Last week, one night during our bedtime talks, Ruby told me a story about a boy in her class teasing two other boys, told them they were going to marry each other.  She said "Wouldn't that be weird, then they would have to kiss each other?"  She's 6, what is appropriate?  I'm navigating new territory for me.  We had a conversation about it and about not teasing or making fun of someone for doing something different than we do, or something we think isn't normal, about how that can make someone sad.  I talked to her about speaking up when someone isn't or can't for themselves.  I don't have the answers of how to fix what is broken, I do have hope that if I continue to teach my daughter to love without fear, as Jack describes it, perhaps she can be a seed of change, too and the world will have a little bit more right than wrong.  One can hope....what else is there?

Tuesday, September 28, 2010

Heads and Hearts

I just spent the last 30 minutes consoling my 6 year old.  As I laid in bed snuggling her, she told me she thought she was going to cry.  I asked her why and she told me she didn't want to tell.  I spent the next 10 minutes or so talking to her about why it's important to tell somebody when we are feeling sad or when something is wrong, that things don't seem so bad when we share them with someone else and that we usually can make things better or right if we ask for help.  She kept telling me she was worried she was going to get in trouble.  I got her to tell me it was something that happened at school, that it didn't have anything to do with another kid.  She was crying at this point and so I took her into the living room and sat down on the couch with her.  She finally got out that she had broken something at school at the end of the day and had not told her teacher.  She was really worried, said it had been bothering her all afternoon and she knew she was going to have a hard time sleeping because she hadn't made the "right" choice.  She is very worried that she is going to get in trouble at school.  
I've been in the throws of my suicide prevention work the last few days.  There were 2 suicides last week in one of the communities I work with.  I have been talking with community members there trying to understand what happened and help them figure out where to go from here, what action to take in the community to make sure this doesn't happen again, that not one more life is cut short.  It makes me keenly aware of why this work is so important.  In the mean time, there is talk of the funding being cut for this program.  I have sent out a couple of emails to my contacts, professional and personal, asking people to advocate to the Governor's office to keep this funding intact.  I have been touched by several of the responses I have received from folks, one in particular from a woman who lost her son 10 years ago to suicide.  He was being bullied at school.  He had created a sculpture of his tombstone in his art class and yet no one picked up on the warning signs.  No one intervened.   He obviously felt there was no one he could turn to, that there was no one that could help.
It brings me back to the start of this...we have to teach children to be help seekers.  We have to give them permission to make mistakes, to out themselves, to encourage them to ask for help, to have reasonable expectations of them, to tell somebody when something is wrong, either with them or when they notice something is wrong with someone else.    It seems obvious, but so many of us internalize what we feel and things fester and grow until they feel bigger than they are. 
I'm thankful Ruby shared with me what she was feeling. The truth is, I didn't notice anything was off with her after school.  We walked home together, she talked about her day.  We had dinner together as a family.  Kids don't always want to talk when we might want them to, when it's convenient for us.  I was at the home stretch when Ruby told me she felt like crying.  I was tempted to gloss over it and tell her to go to sleep. She has been having a harder time going to sleep lately and often stalls bedtime.  The thought crossed my mind that this was one of her tactics.
One of my coworkers last week talked about her teenage daughters and how the time that they were ready to talk was at 11 p.m. and so she'd have to stay up late so she could come in and lay on their beds and hear about what was going on.  A part of me feels like I'm drawing a parallel between things that don't really sync up, but another part of me recognizes that these patterns start now.  The problems will only get more complex, our lives will be just as busy if not busier as the kids get older, but we can never be too busy to listen, to really listen, with our whole heads and hearts.  It's what life is all about. 
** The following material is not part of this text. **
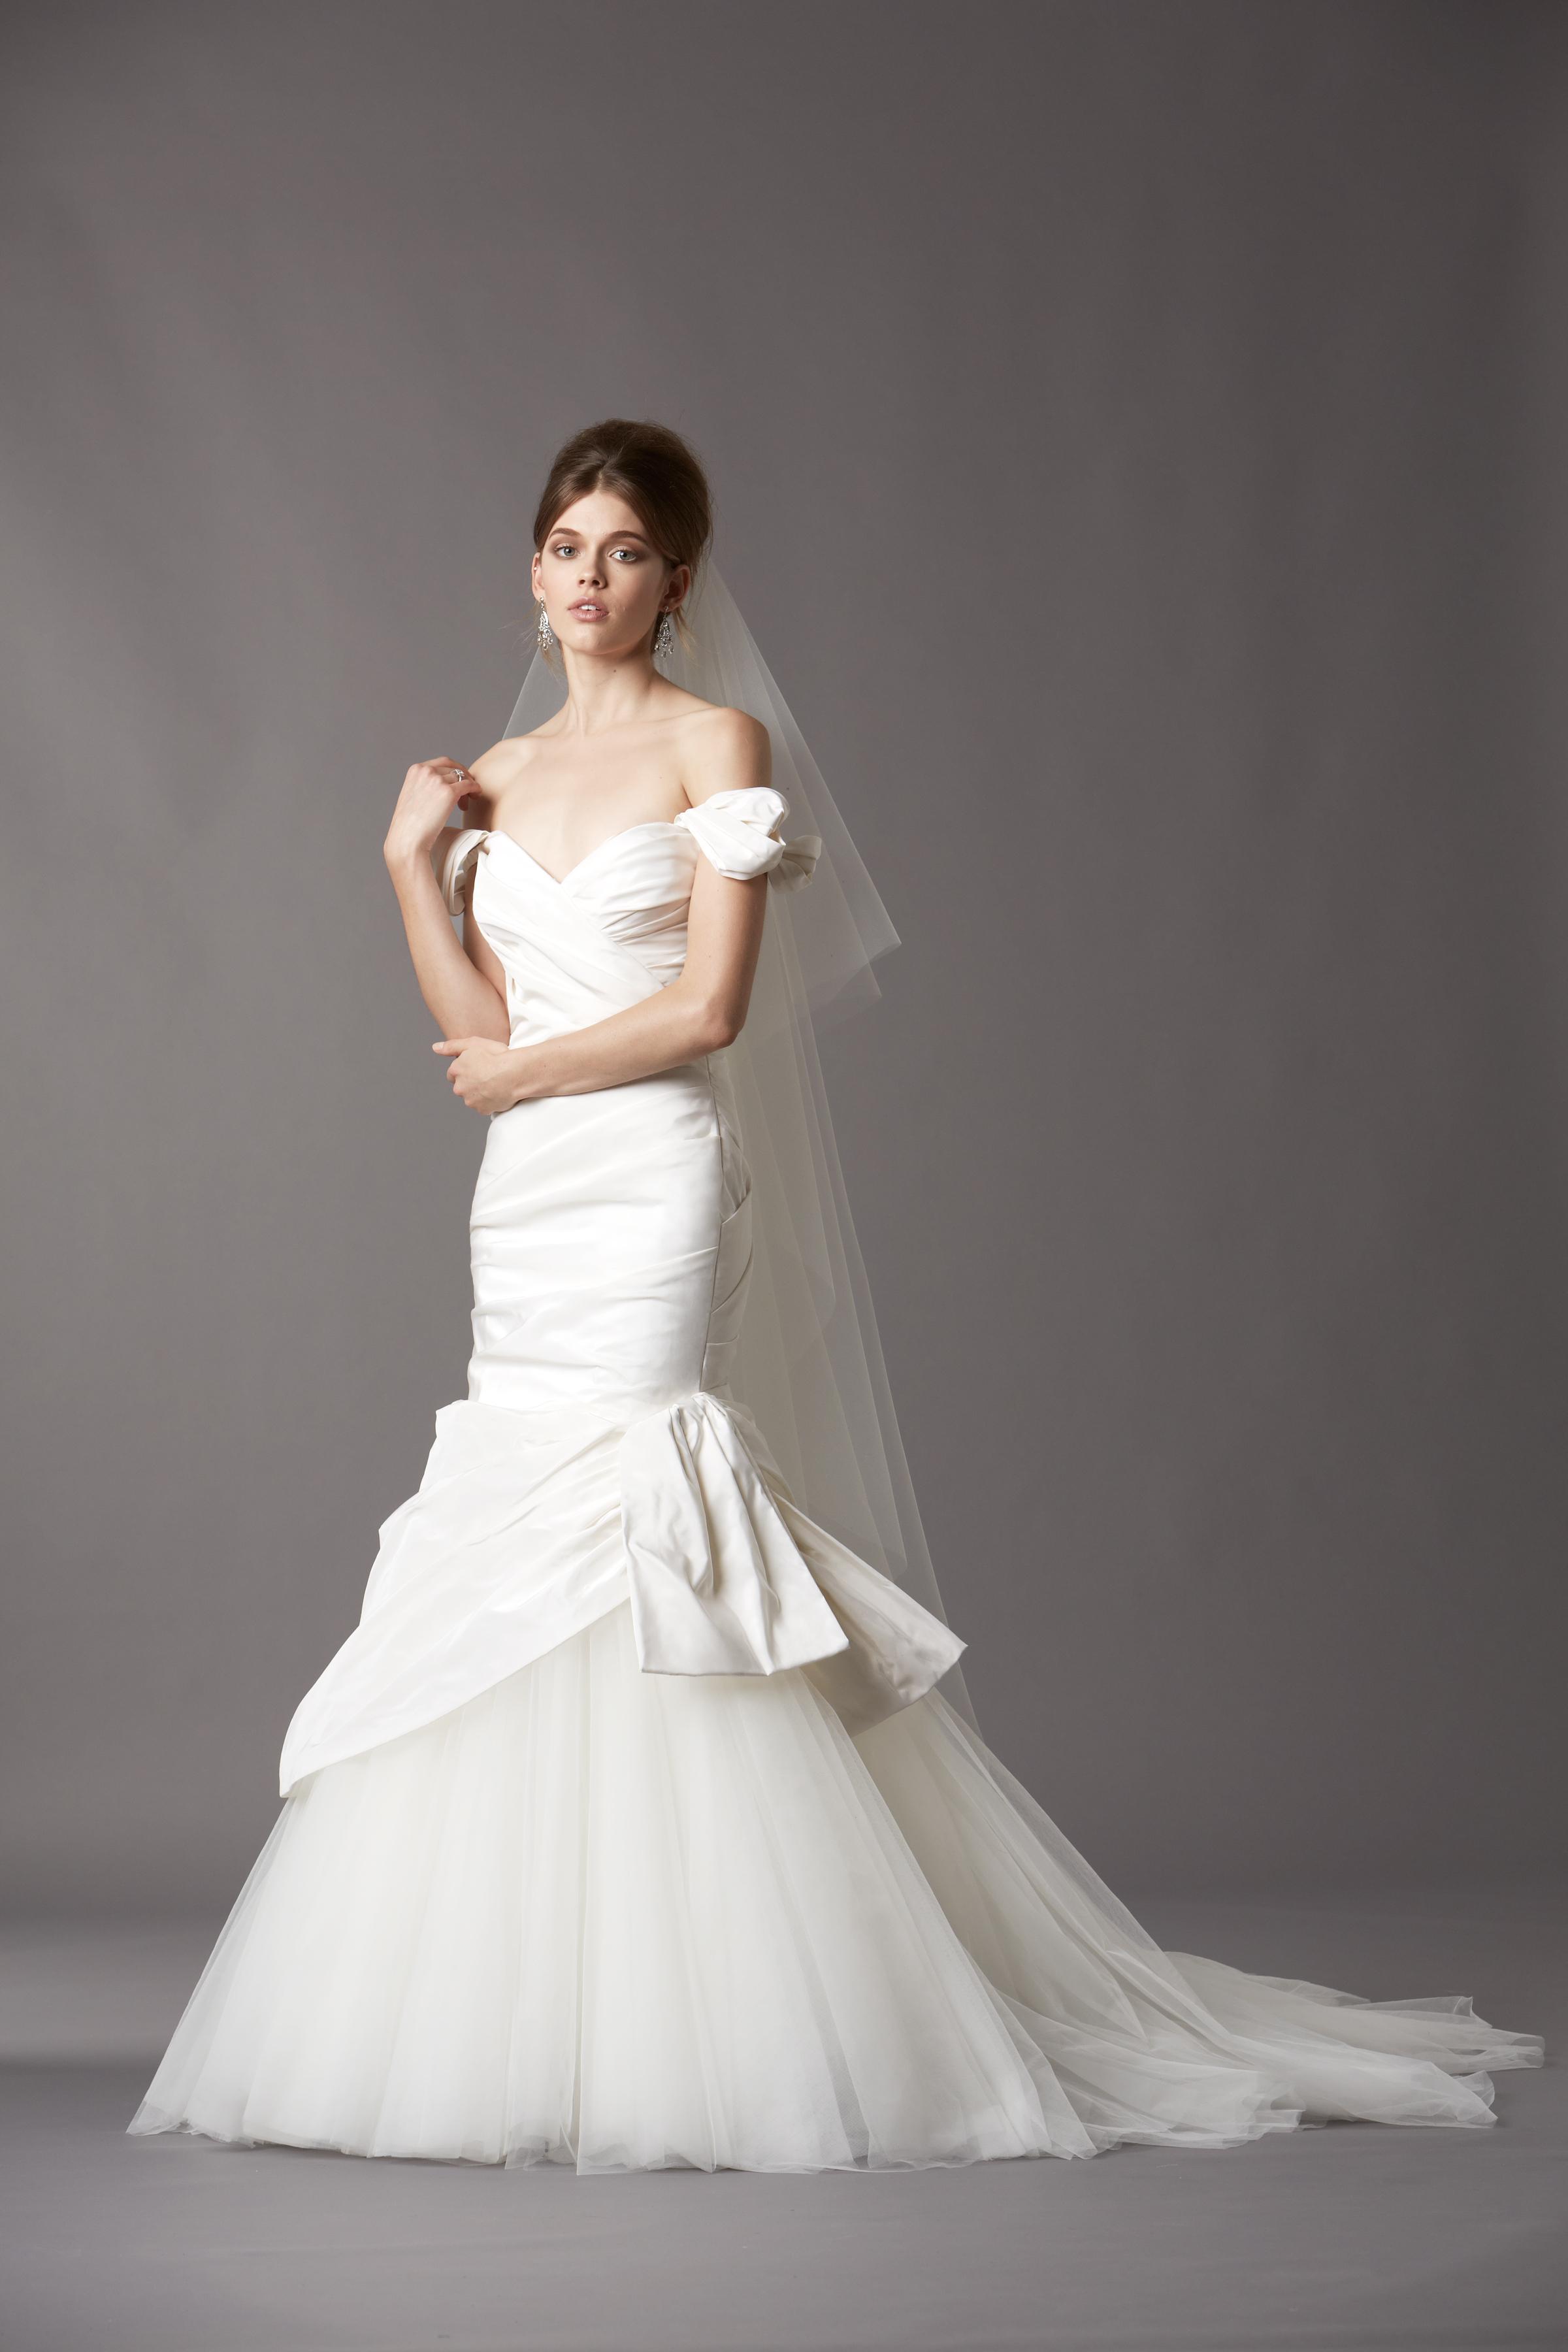 Wedding Dresses, Mermaid Wedding Dresses, Fashion, Classic Weddings, Glam Weddings, Watters, Off the Shoulder Wedding Dresses
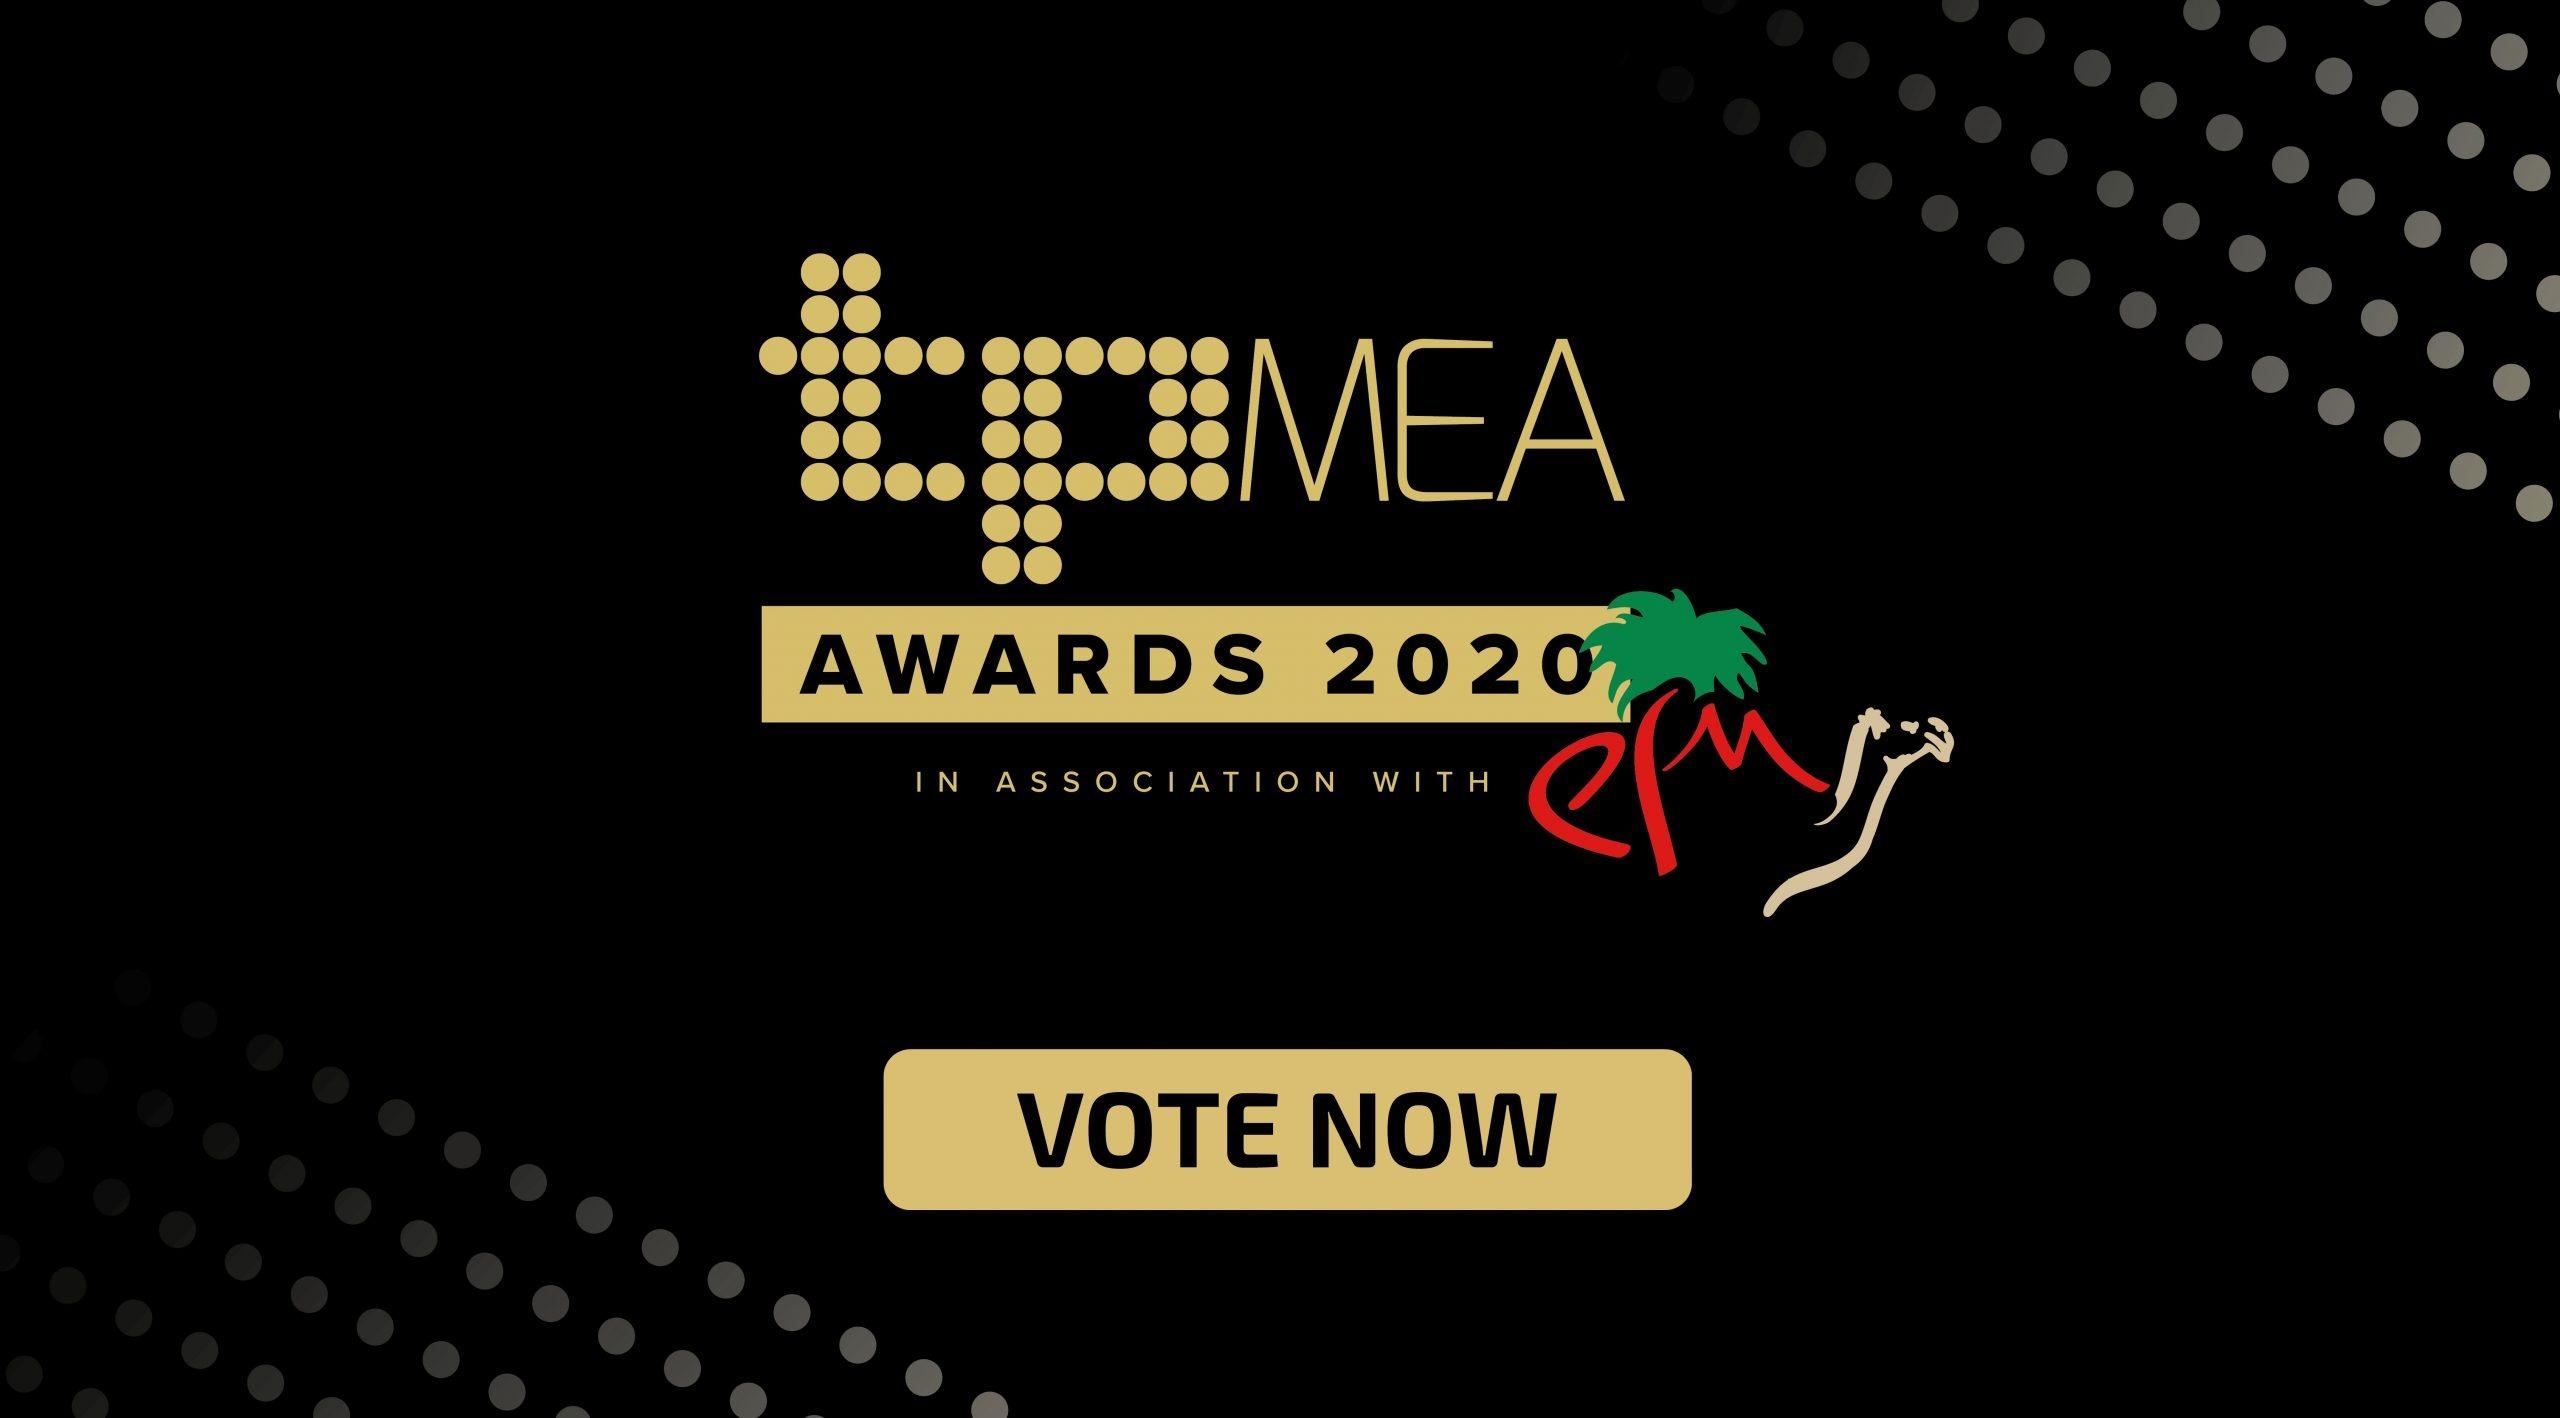 TPMEA Awards 2020 Vote Now

Tuesday, September 21, 2010

Baby Face

This one is all about the baby...
My sister used to have this magnet on her fridge that said something along the lines  "a baby in the house is clear evidence of minority rules."  Elsie is 8 1/2 months old.  This Friday I have to go to Seattle for an all day work meeting and it will be the first time I have spent more than 3 or 4 hours away from her.  Hard to believe.  I am very grateful that I have been able to be home with her so much, that the work I do doesn't take me out of the house for more than a few hours at a time.  I'm lucky.  This arrangement may not work forever, the state budget is being cut yet again and we'll see if the suicide prevention money that funds my work makes the cut.  I am putting out into the great universe that this important work I do, both at home and in the community, will continue, at least for now, as is.  I also must add that I marvel a little at the fact that I am so physically tied to her.  Someone told me when I had my first baby, who knows if this is true or not, that for the first nine months the mother and child see themselves as one being, not separate from one another.  I get that. I wake up moments before Elsie does, I know when she needs to eat because my body tells me, I can read when she is tired sometimes before I can read it in myself.  It's a beautiful, marvelous thing and we are coming to that place where a little separation is healthy.  I'm feeling the need to have some freedom, to feel like I can take some time for myself (more than an hour or two at a time) and go.
I'm supposed to be meeting some girlfriends for coffee in 20 minutes.  The baby was tired after we did drop off of the big two at school and so I came back home laid her down and am letting her sleep.  I've been itching to get into a new groove, to figure out what this new schedule will be like and so I need to stop scheduling morning dates.  Elsie can't exactly get into a "routine" if I change what we do every day, eh?  She is the most flexible little child and will take her morning nap at 9 a.m. or at 11 a.m. depending on what I am dragging her around to do, but I think if I let her natural rhythm take over, we'll have a quiet morning at home and I will be able to get my work done, she'll be well rested and we'll all be a little saner.
One more thing on babies...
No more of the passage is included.